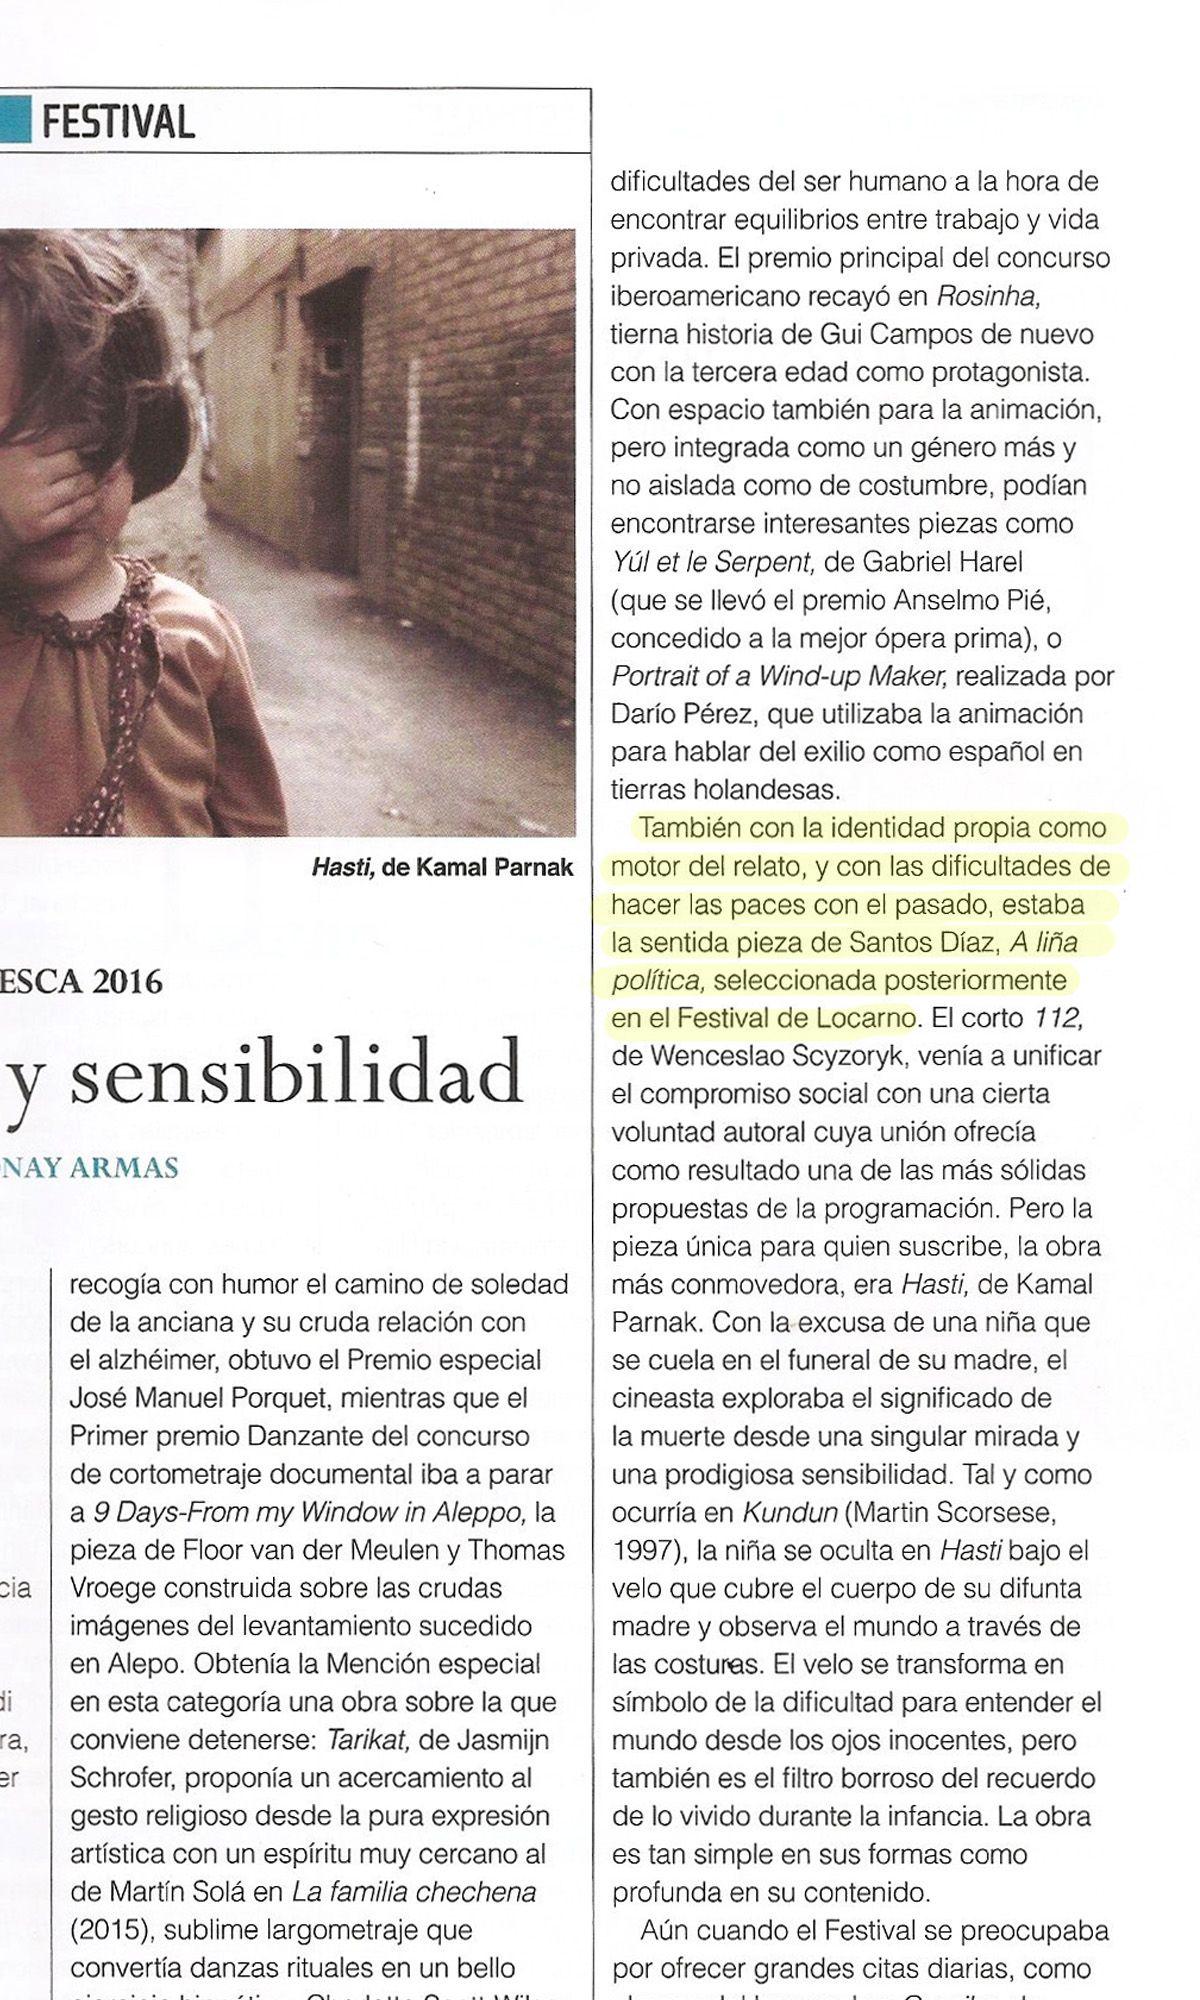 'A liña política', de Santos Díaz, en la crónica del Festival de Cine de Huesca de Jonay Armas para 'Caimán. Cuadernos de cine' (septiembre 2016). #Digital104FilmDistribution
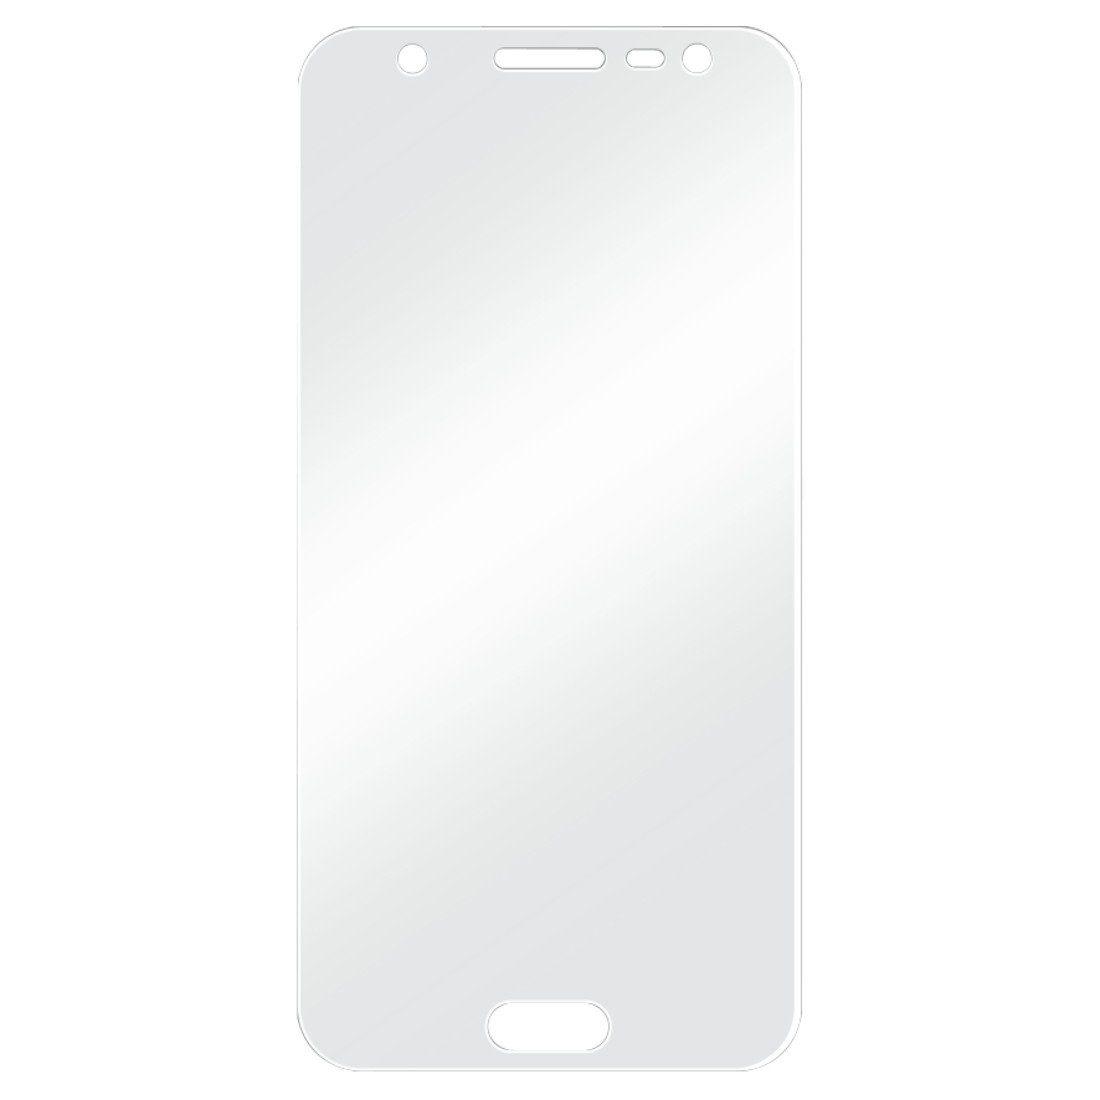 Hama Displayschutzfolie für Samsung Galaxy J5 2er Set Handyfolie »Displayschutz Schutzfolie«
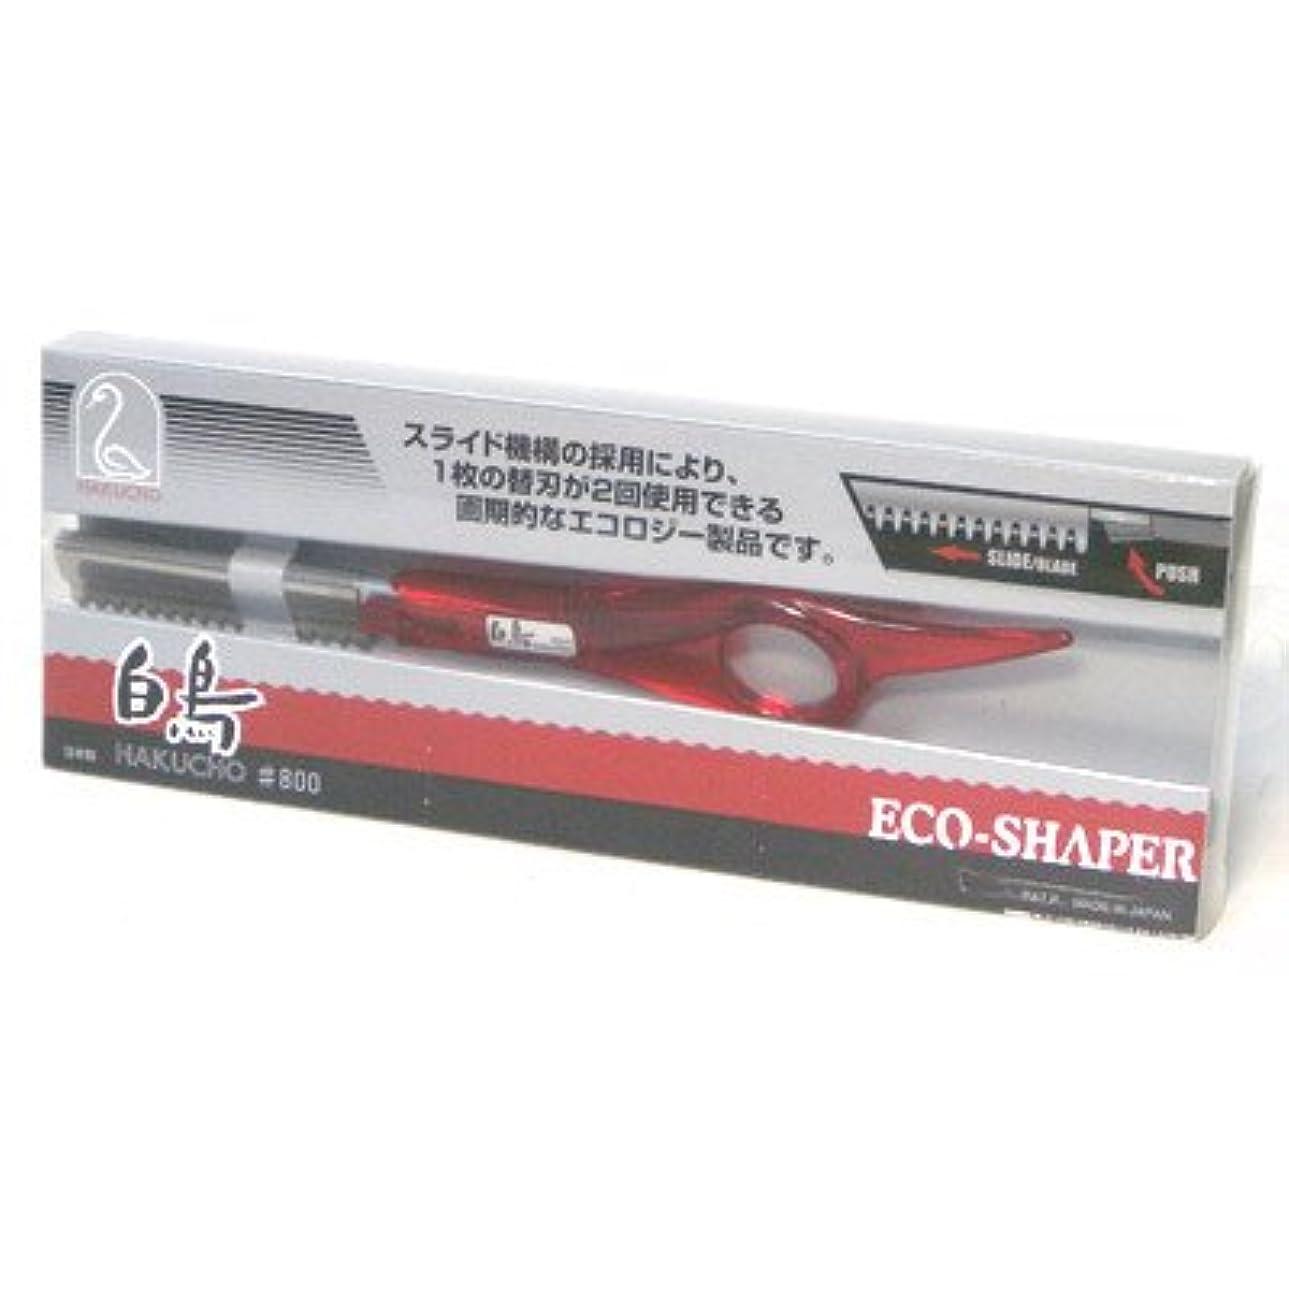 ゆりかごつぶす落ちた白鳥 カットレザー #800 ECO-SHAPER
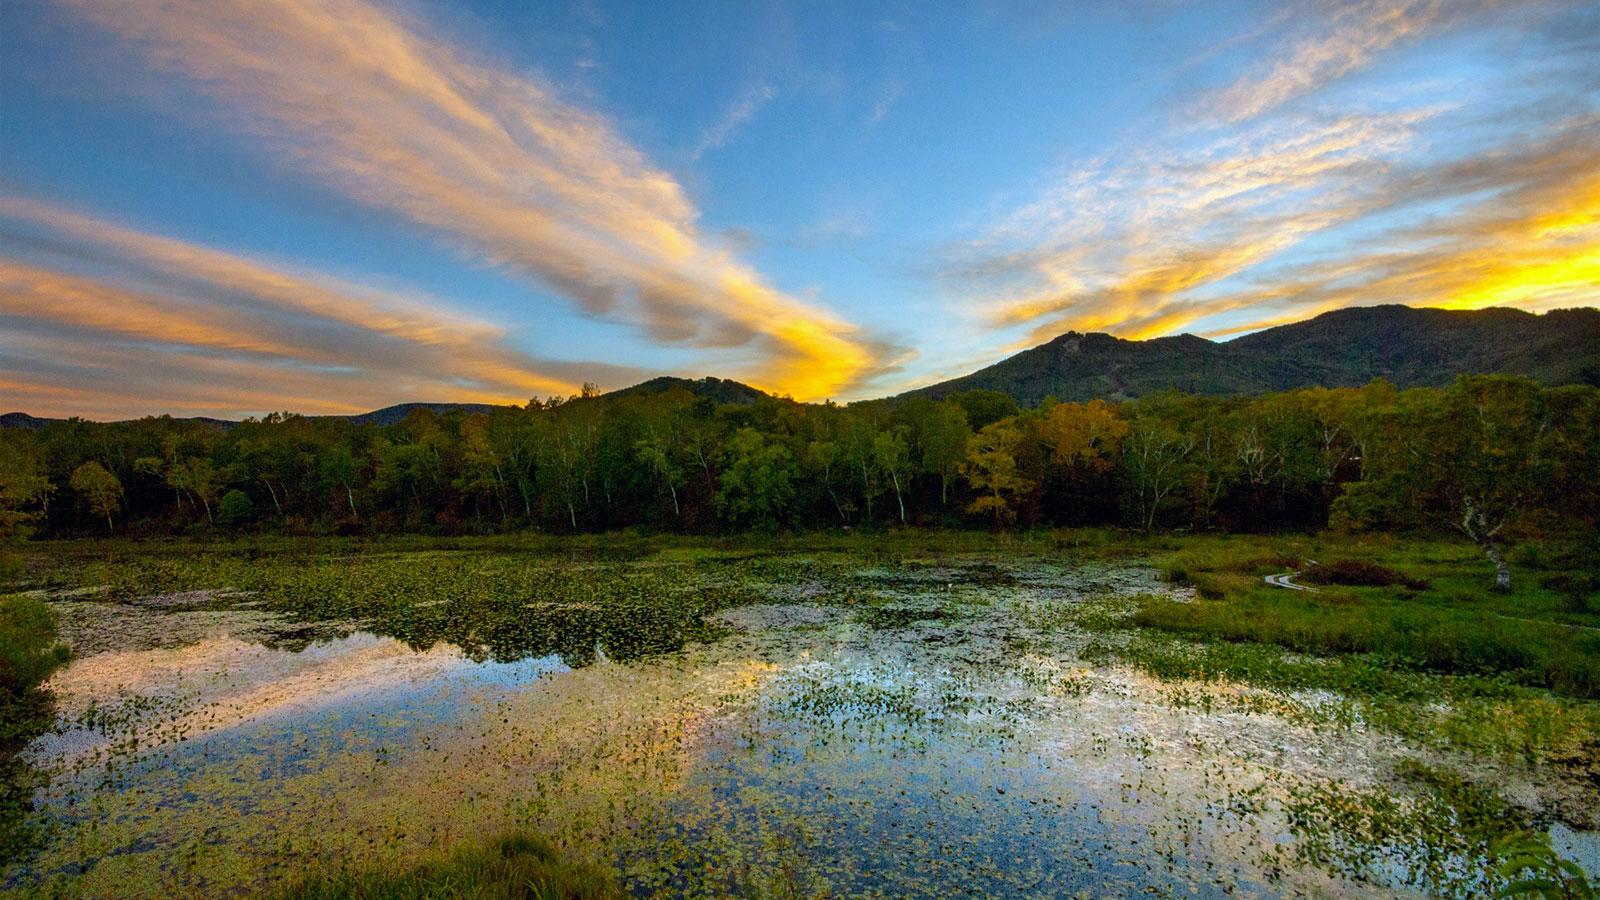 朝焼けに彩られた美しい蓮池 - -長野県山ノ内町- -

※ ※ ※

Print the material word for word; images are to be left out.

 'A liña política', de Santos Díaz, en la crónica del Festival de Cine de Huesca de Jonay Armas para 'Caimán. Cuadernos de cine' (septiembre 2016). #Digital104FilmDistribution
 Hama Displayschutzfolie für Samsung Galaxy J5 2er Set Handyfolie »Displayschutz Schutzfolie«
 ゆりかごつぶす落ちた白鳥 カットレザー #800 ECO-SHAPER
 朝焼けに彩られた美しい蓮池 - -長野県山ノ内町- -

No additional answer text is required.